# AMD bestätigt Grafikkarten-Launch nächste Woche



## akif15 (17. Oktober 2010)

*AMD bestätigt Grafikkarten-Launch nächste Woche*

http://ht4u.net/news2/logos/logo_amd.png17.10.2010, 19:58
​Neben den Launch-Plänen für Llano und Bulldozer  sprach AMD bei der Bekanntgabe der aktuellen Quartalszahlen auch über  die Starttermine der kommenden Grafikkarten-Generation. So sollen die  ersten Modelle bereits nächste Woche vorgestellt werden und die  komplette Serie soll noch vor dem Jahreswechsel in den Händlerregalen zu  finden sein.  

Dies gab CEO Dirk Meyer zu Protokoll, weshalb der spekulierte Starttermin vom 22.10 für die Barts-basierenden Grafikkarten Radeon HD  6850 und HD 6870 wohl zutrifft. Doch nicht nur diese  Grafikbeschleuniger sollen in Bälde erscheinen, auch der Rest der  "Northern Island"-Familie soll noch in diesem Quartal auf den Markt  kommen. Allerdings bezifferte Meyer die angepeilte Zahl an  auszuliefernden Grafikchips nur auf mehrere 100.000. Es dürfte somit  wohl nur mit homöopathischen Dosen in den Regalen zu rechnen sein. 

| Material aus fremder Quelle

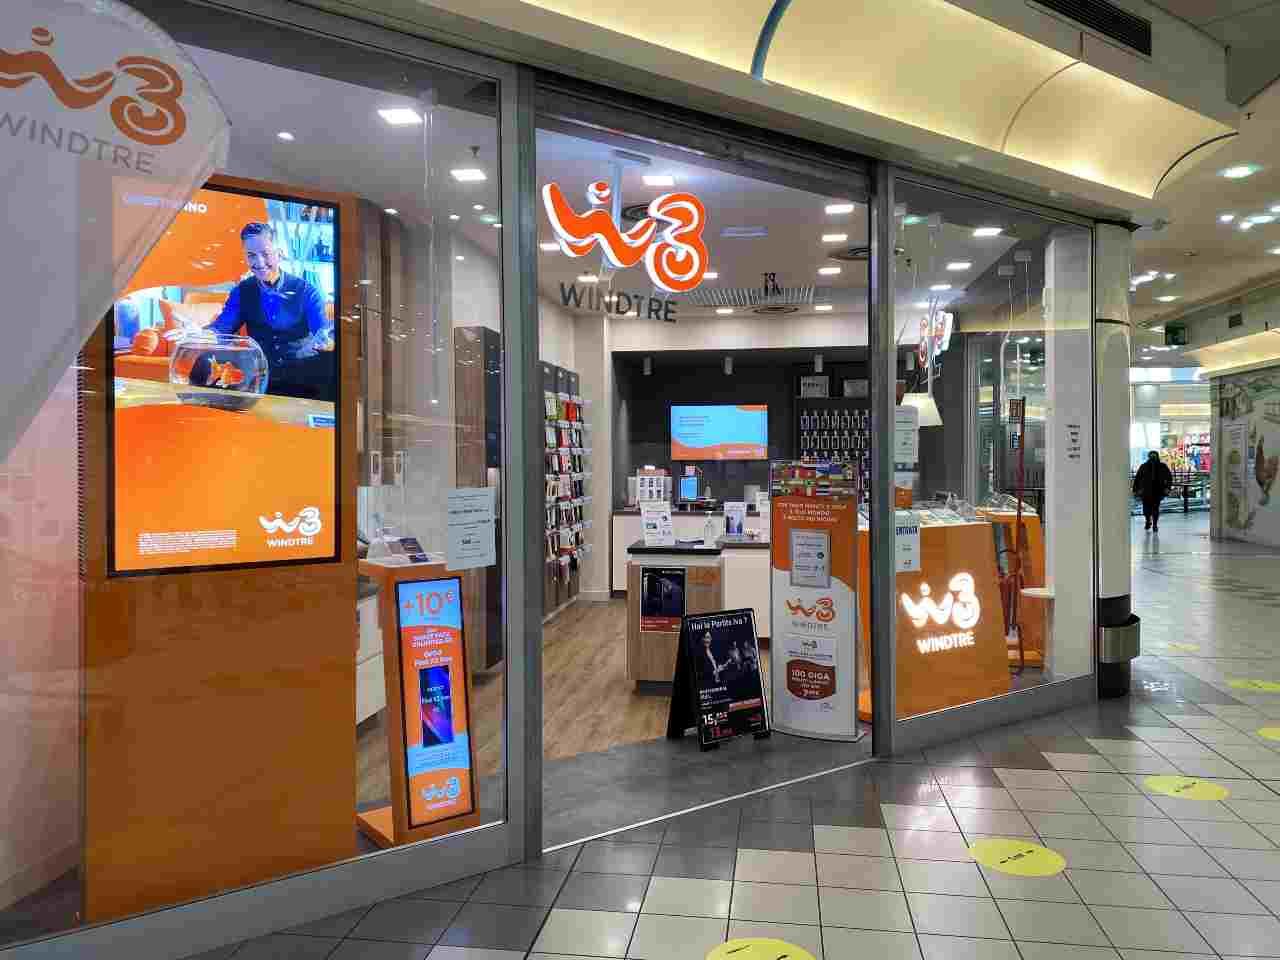 WindTre, azienda italiana del gruppo CK Hutchison Holdings operante nel settore delle telecomunicazioni (Adobe Stock)
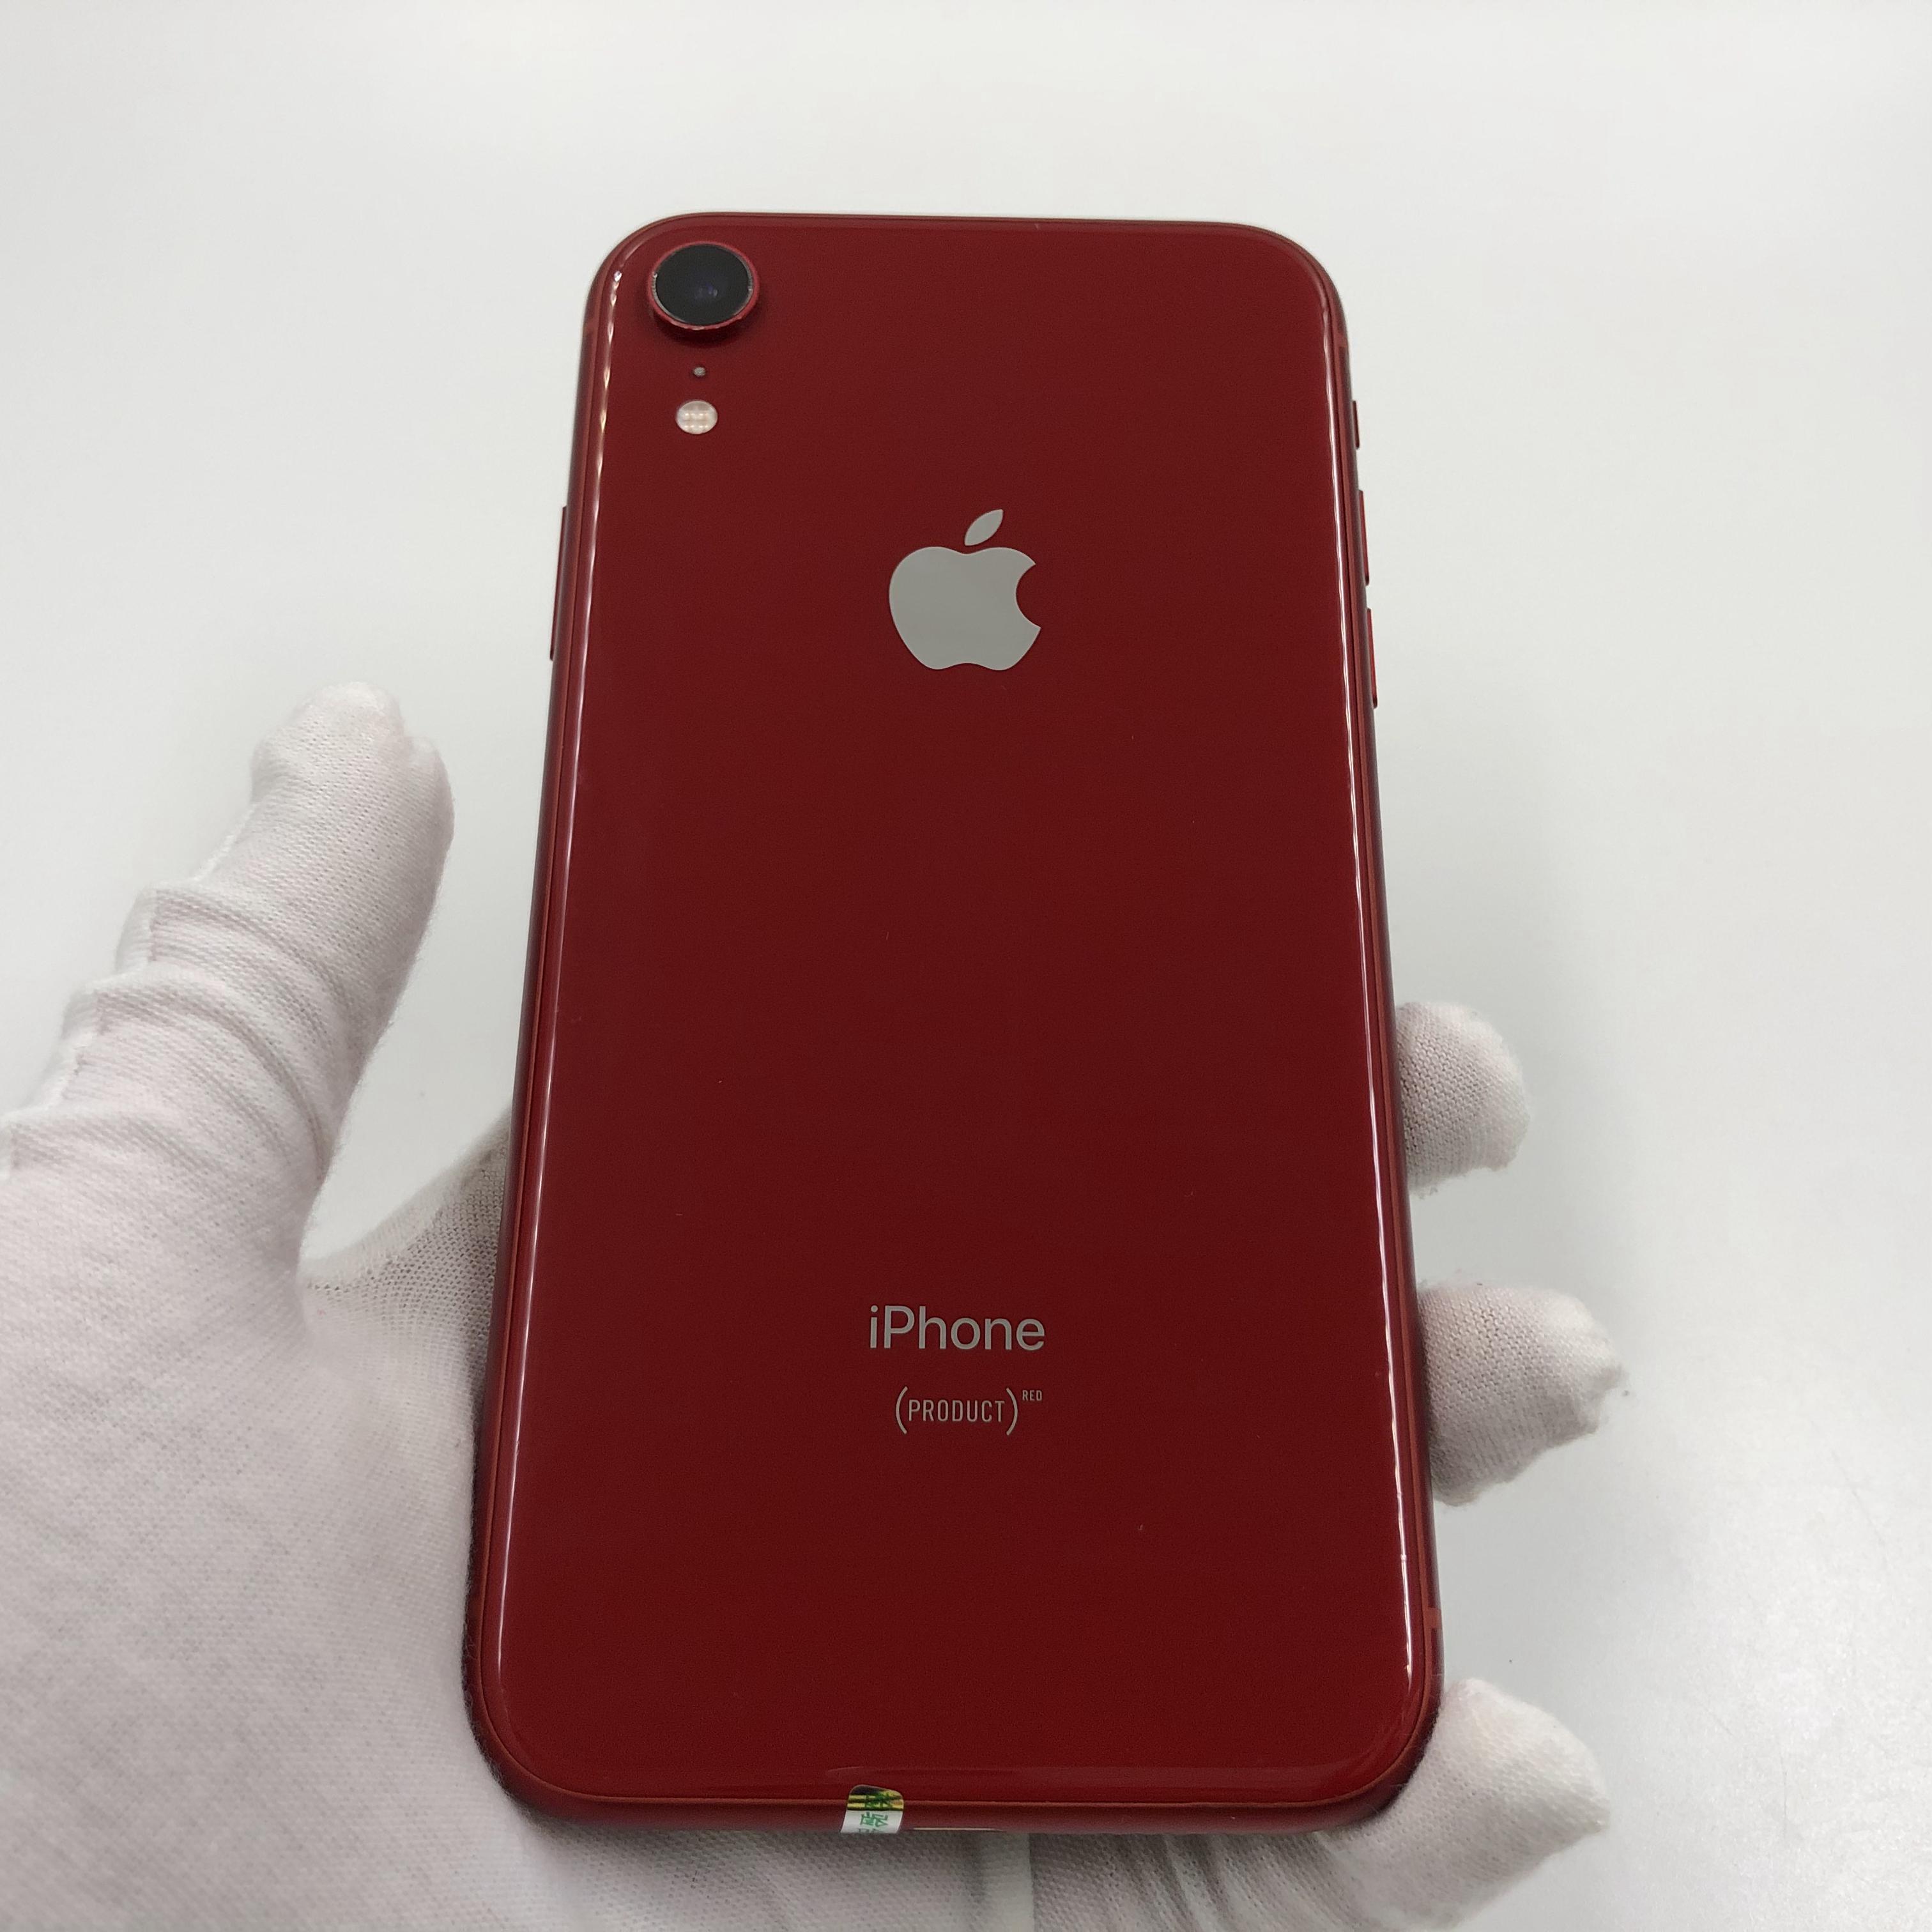 苹果【iPhone XR】移动联通 4G/3G/2G 红色 128G 国际版 8成新 真机实拍

Hardware & Computer - Nachrichten bei HardTecs4U


----------



## Master Shake (17. Oktober 2010)

*AW: AMD bestätigt Grafikkarten-Launch nächste Woche*

Dann heisst es wohl: Zuschlagen, bevor die Preise wieder durch die Decke gehen.


----------



## WhackShit007 (18. Oktober 2010)

*AW: AMD bestätigt Grafikkarten-Launch nächste Woche*

bulldozer für desktop erst frühestens ende 3. quartal 2011 laut quelle!(weiß jetzt nicht ob dass was neues ist) wenn dass stimmt seh ich schwarz für amd...


----------



## GoldenMic (18. Oktober 2010)

*AW: AMD bestätigt Grafikkarten-Launch nächste Woche*

Ach AMD sitzt Intels prozessoren einfach aus...und verliert derweil den Preiskampf gegen nvidia


----------



## Kaktus (18. Oktober 2010)

*AW: AMD bestätigt Grafikkarten-Launch nächste Woche*

@GoldenMic
Genau, deshalb schreibt nVidia derzeit ziemlich rote Zahlen weil sie es erst jetzt.... nach über 1 1/2 Jahren schaffen wieder preislich mit zu halten. Zumal die 6er Generation jetzt raus kommt und die Karten daher wieder neu gemischt werden. 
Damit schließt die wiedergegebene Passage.